**WHAT YOU HAVE TO DO**
Within the data that follows, set down exactly the lines from the one containing "Reese Witherspoon Drank" through the one containing "Step out onto", both ends included.

**EXERCISE DATA**
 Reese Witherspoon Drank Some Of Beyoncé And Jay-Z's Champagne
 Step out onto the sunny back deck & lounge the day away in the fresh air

* * *

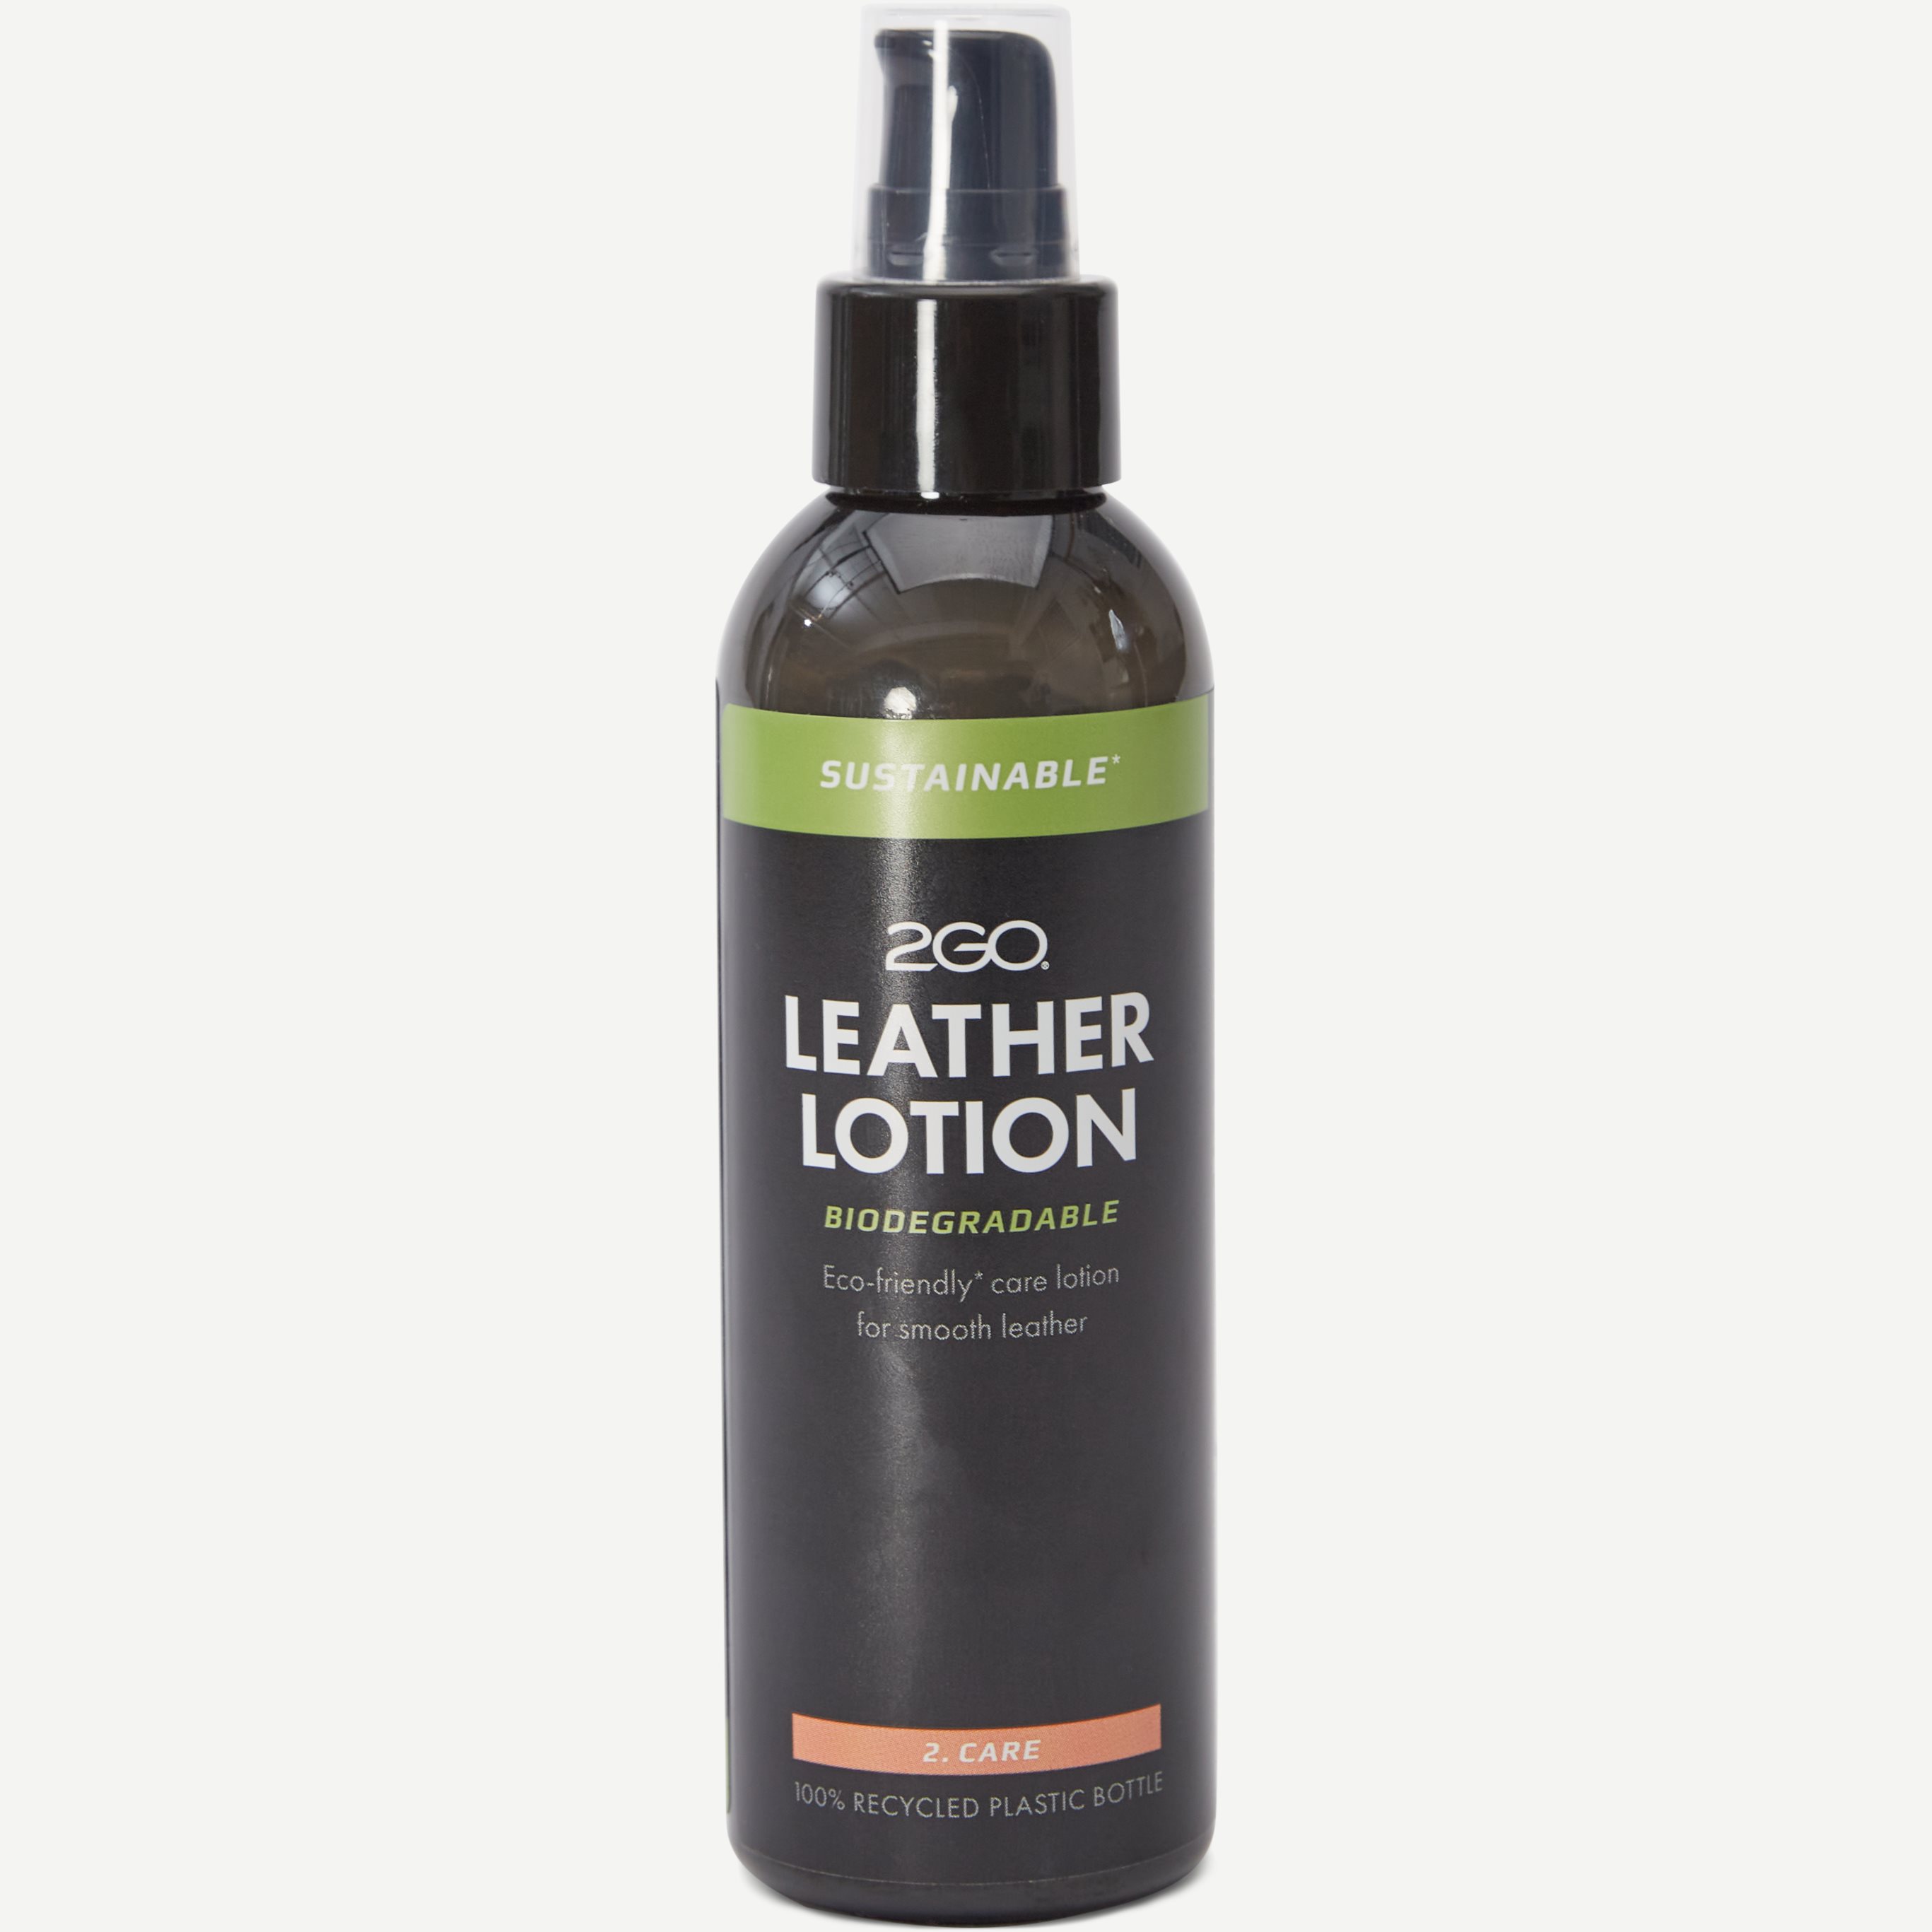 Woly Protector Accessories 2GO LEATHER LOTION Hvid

**WRITTEN REPLY**
 Reese Witherspoon Drank Some Of Beyoncé And Jay-Z's Champagne
 Step out onto the sunny back deck & lounge the day away in the fresh air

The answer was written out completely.